[Spambayes] Proposing to remove 4 combining schemes

Tim Peters tim.one@comcast.net
Sat Oct 19 06:55:16 2002


[Tim, suggests that (S-H+1)/2 would be good to try with gary-combining]

[Rob]
> tim combining:
> -> <stat> Ham scores for all runs: 16000 items; mean 13.62; sdev 9.66
> -> <stat> min 0.109175; median 12.3561; max 76.0553
> -> <stat> fivepctlo 1.35543; fivepcthi 31.4327
> -> <stat> Spam scores for all runs: 5800 items; mean 84.42; sdev 11.70
> -> <stat> min 21.351; median 85.6889; max 99.8161
> -> <stat> fivepctlo 64.4615; fivepcthi 98.8117
> -> best cost for all runs: $110.40
> -> per-fp cost $10.00; per-fn cost $1.00; per-unsure cost $0.20
> -> achieved at ham & spam cutoffs 0.5 & 0.625
> ->     fp 5; fn 16; unsure ham 35; unsure spam 187
> ->     fp rate 0.0312%; fn rate 0.276%; unsure rate 1.02%

BTW, note that I killed this scheme off -- it was, at the time, trying to
get a better middle ground, but chi-combining works better for that.

> default combining:
> -> <stat> Ham scores for all runs: 16000 items; mean 26.37; sdev 8.32
> -> <stat> min 0.137212; median 27.2524; max 65.3836
> -> <stat> fivepctlo 11.7696; fivepcthi 38.3897
> -> <stat> Spam scores for all runs: 5800 items; mean 75.96; sdev 10.74
> -> <stat> min 33.8547; median 74.3976; max 99.7559
> -> <stat> fivepctlo 59.9773; fivepcthi 96.4292
> -> best cost for all runs: $106.20
> -> per-fp cost $10.00; per-fn cost $1.00; per-unsure cost $0.20
> -> achieved at ham & spam cutoffs 0.5 & 0.585
> ->     fp 5; fn 16; unsure ham 35; unsure spam 166
> ->     fp rate 0.0312%; fn rate 0.276%; unsure rate 0.922
>
> default combining with P-Q instead of (P-Q)/(P+Q):
> -> <stat> Ham scores for all runs: 16000 items; mean 21.49; sdev 8.73
> -> <stat> min 0.123198; median 21.7049; max 68.8251
> -> <stat> fivepctlo 7.34536; fivepcthi 35.6937
> -> <stat> Spam scores for all runs: 5800 items; mean 79.44; sdev 11.00
> -> <stat> min 29.348; median 79.2283; max 99.786
> -> <stat> fivepctlo 61.9311; fivepcthi 97.3078
> -> best cost for all runs: $103.40
> -> per-fp cost $10.00; per-fn cost $1.00; per-unsure cost $0.20
> -> achieved at ham & spam cutoffs 0.5 & 0.615
> ->     fp 3; fn 16; unsure ham 37; unsure spam 250
> ->     fp rate 0.0187%; fn rate 0.276%; unsure rate 1.32%
>
> It is all so close together in the final "cost" result that it is very
> difficult to judge from the statistics.
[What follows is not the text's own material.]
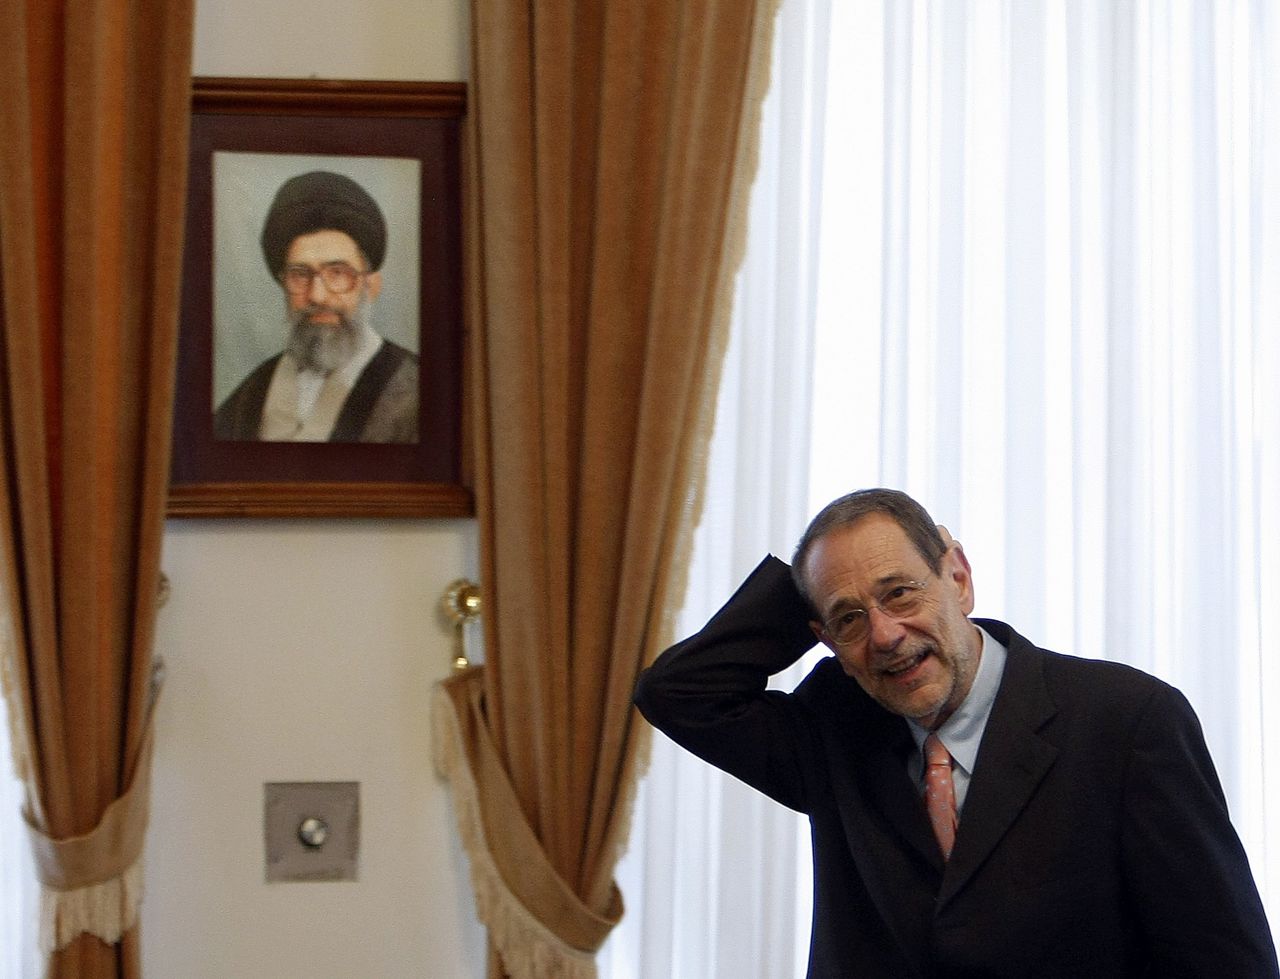 Voormalig Europees Hoge Buitenlandvertegenwoordiger Javier Solana onder het portret van Ayatollah Ali khamenei, tijdens zijn ontmoeting met de Iraanse onderhandelaar over de Iran-deal Saeed Jalili in 2008.

Then let's take the stats at face value:  these are large runs, so if it
doesn't make a clear difference here, it's unlikely to make a clear
difference anywhere.  IIRC, you were inspired to try S-H under chi-combining
by staring at mistakes where a modest S value was paired with a very low H
value, leading to S/(S+H) approaching 1 despite that S was far from certain
on its own.  But gary-combining is much less extreme in both its S and H
measures, so it's less of a *potential* problem there.  It *may* account for
the two FP that got redeemed in your last run, though -- knowing their
internal S and H values would help (oops -- they're called P and Q inside
the default scheme, but same thing).